## What is needed
Within the listing that follows, reproduce exactly the lines starting at the line with "HAYDN: Symphonies Nos. 45, 94 and 101" and ending at the line with "Trunk or Treat October 20th", inclusive, and only those. Pictures are dropped.

## Record excerpts
|---|

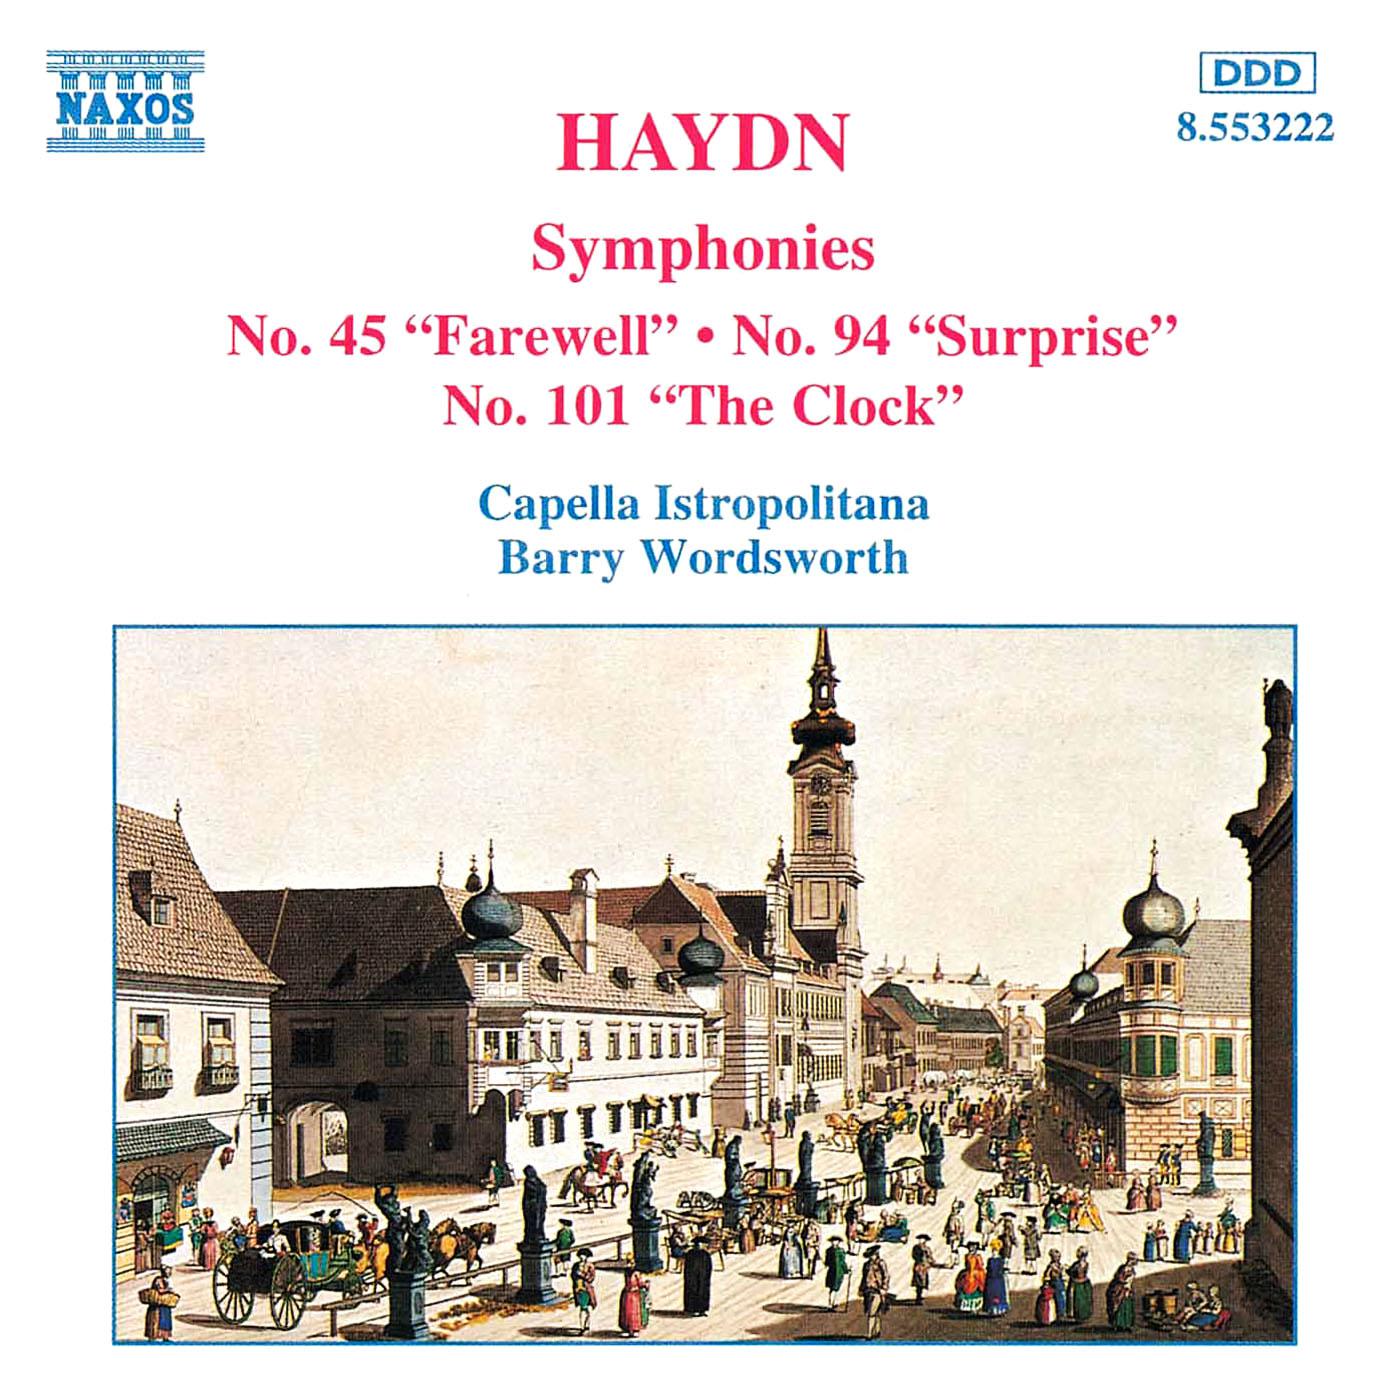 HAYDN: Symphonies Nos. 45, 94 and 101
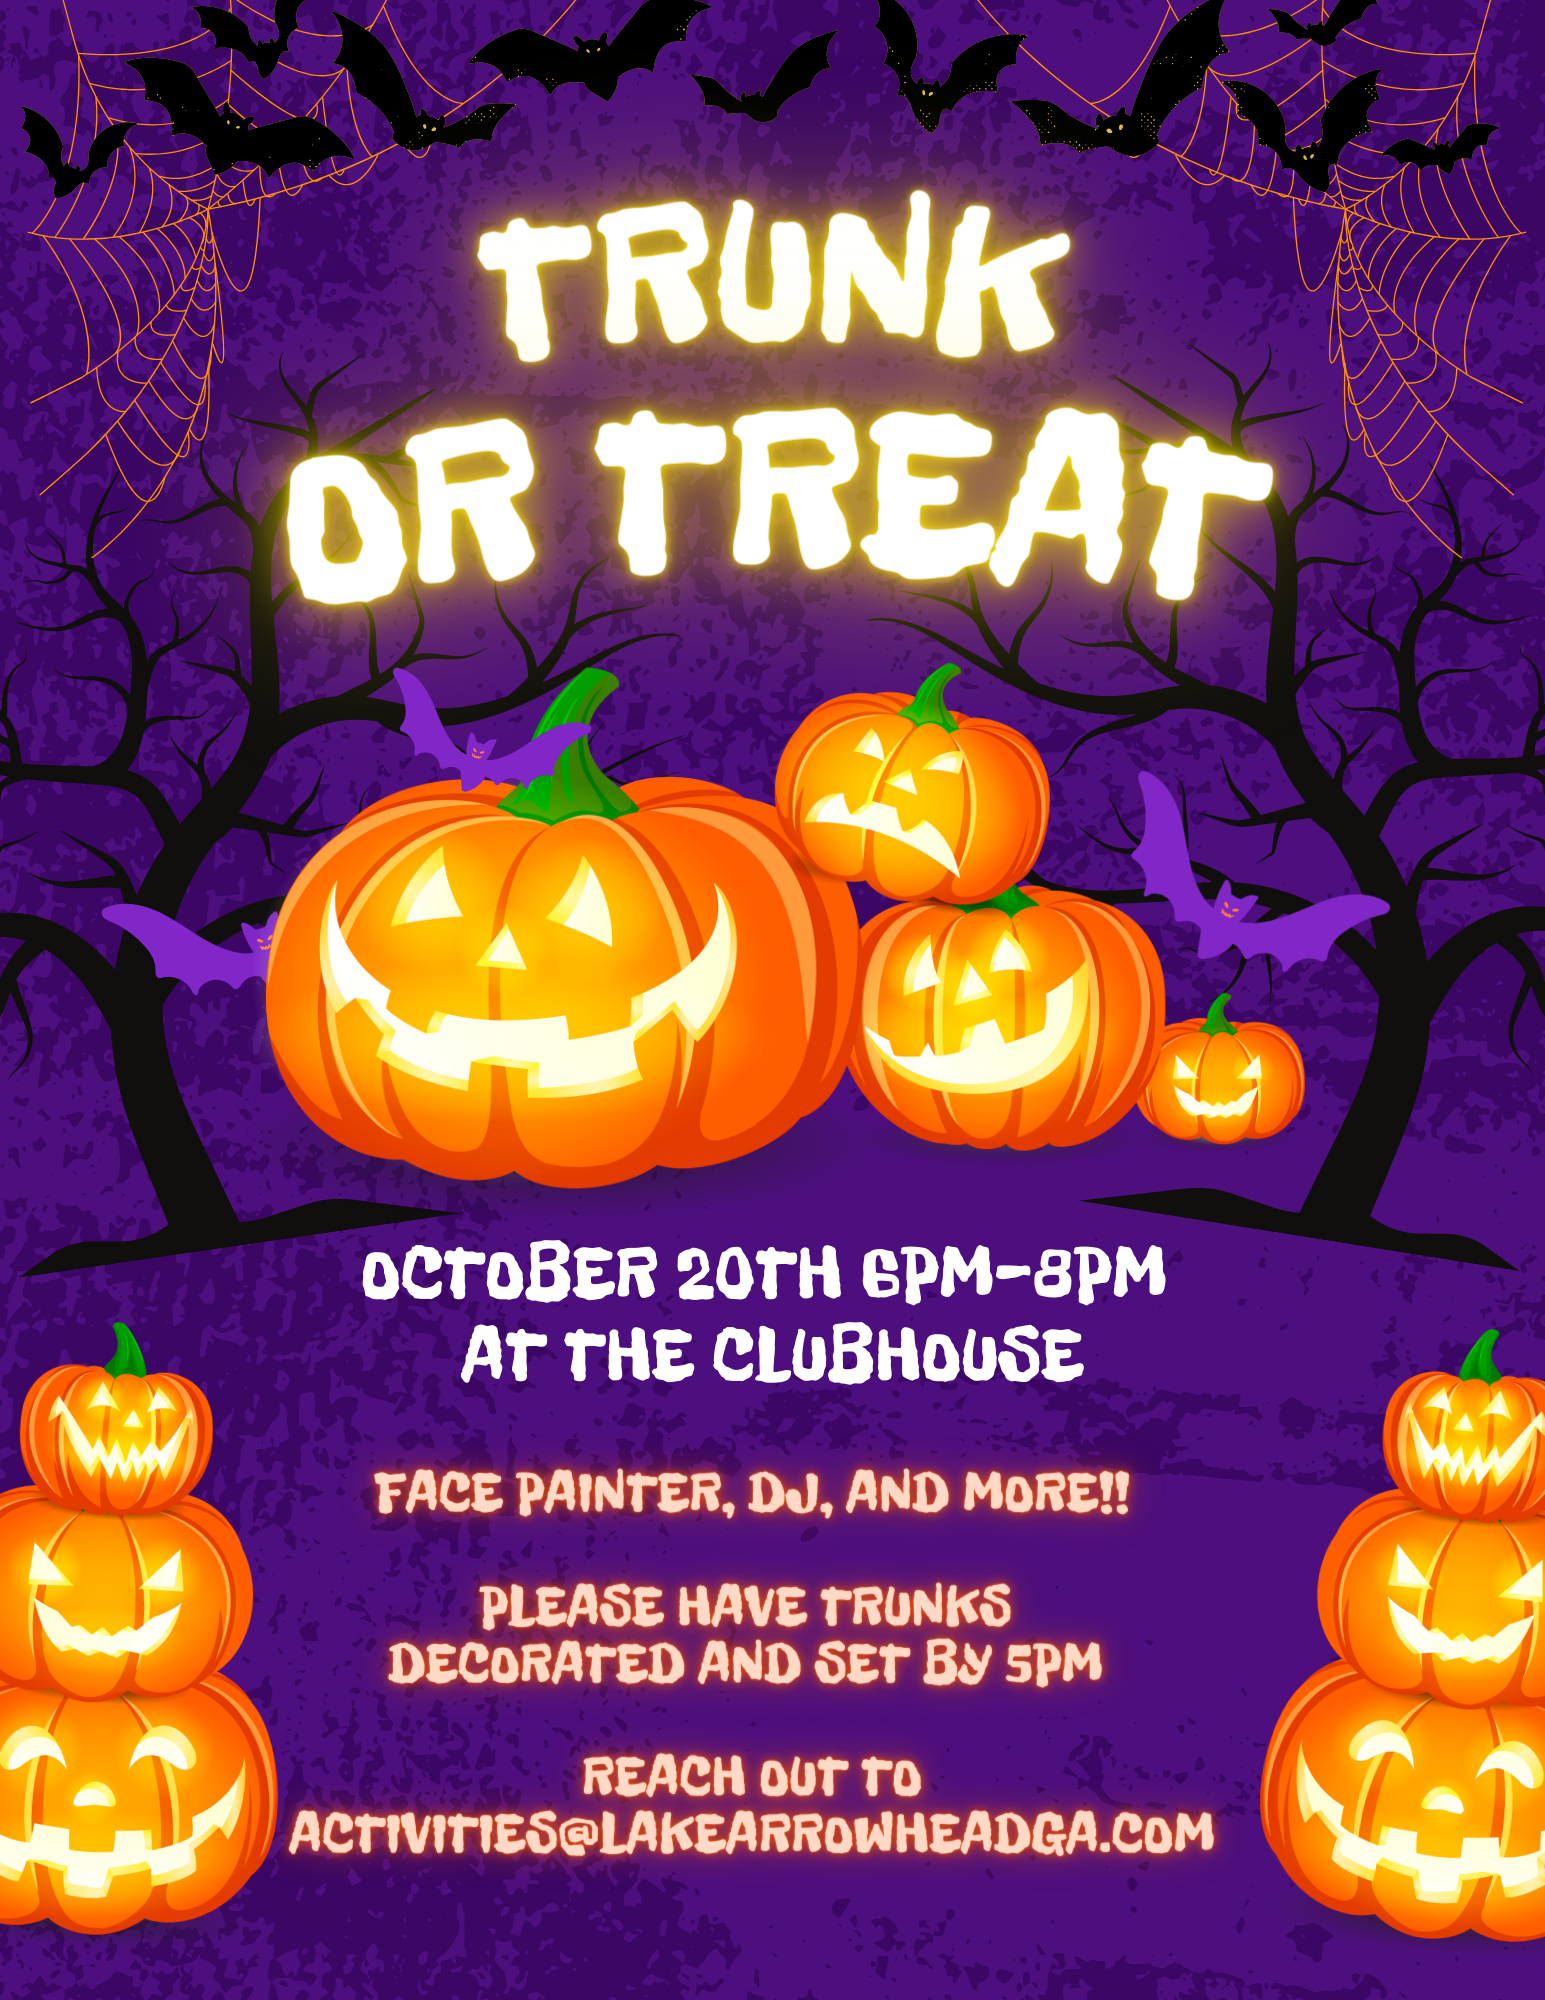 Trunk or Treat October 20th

|---|

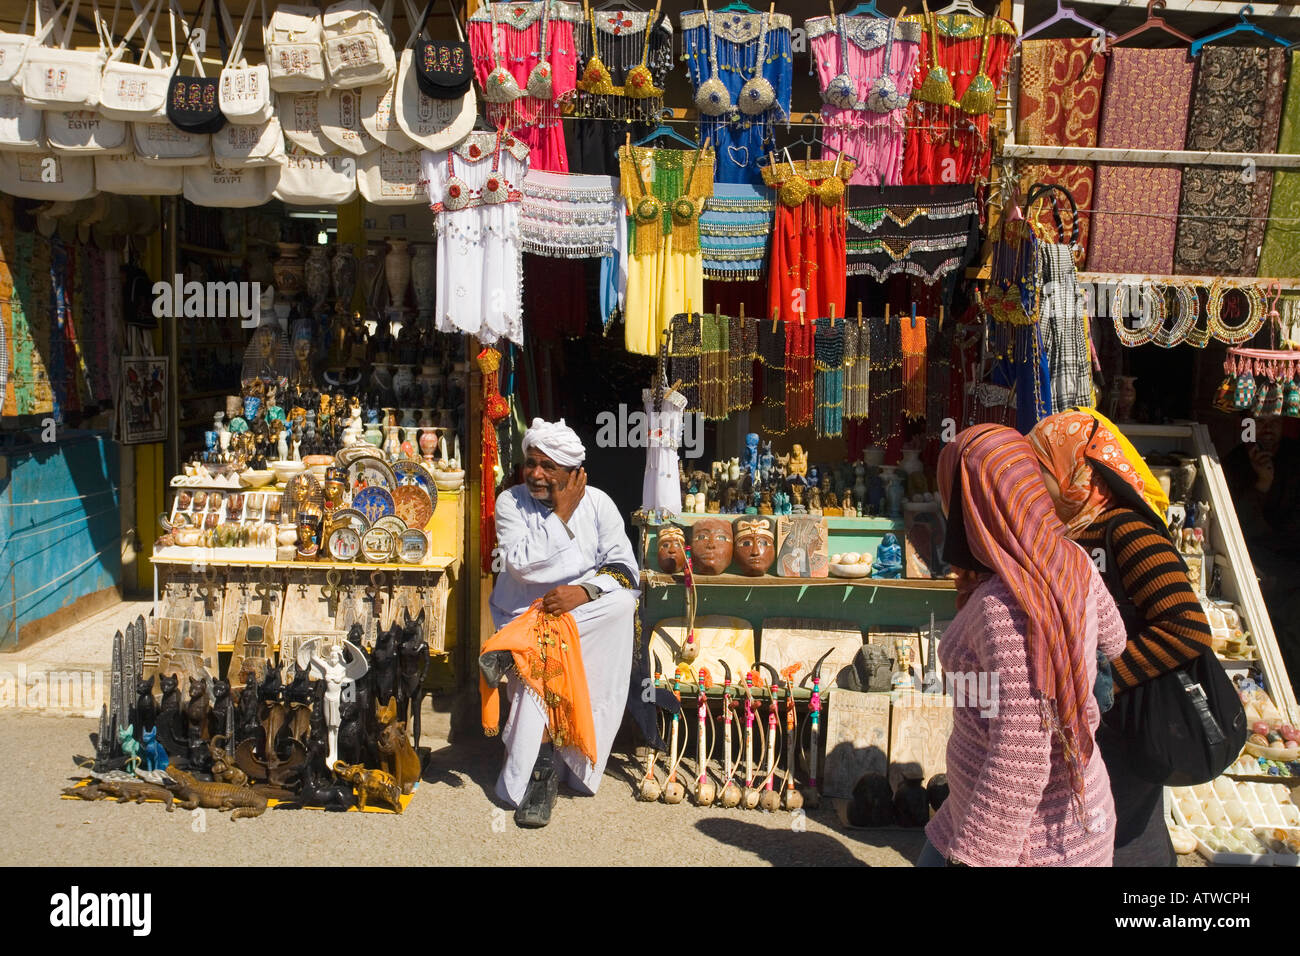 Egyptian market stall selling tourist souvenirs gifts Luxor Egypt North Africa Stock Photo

|---|

## Answer to the problem
 HAYDN: Symphonies Nos. 45, 94 and 101
 Trunk or Treat October 20th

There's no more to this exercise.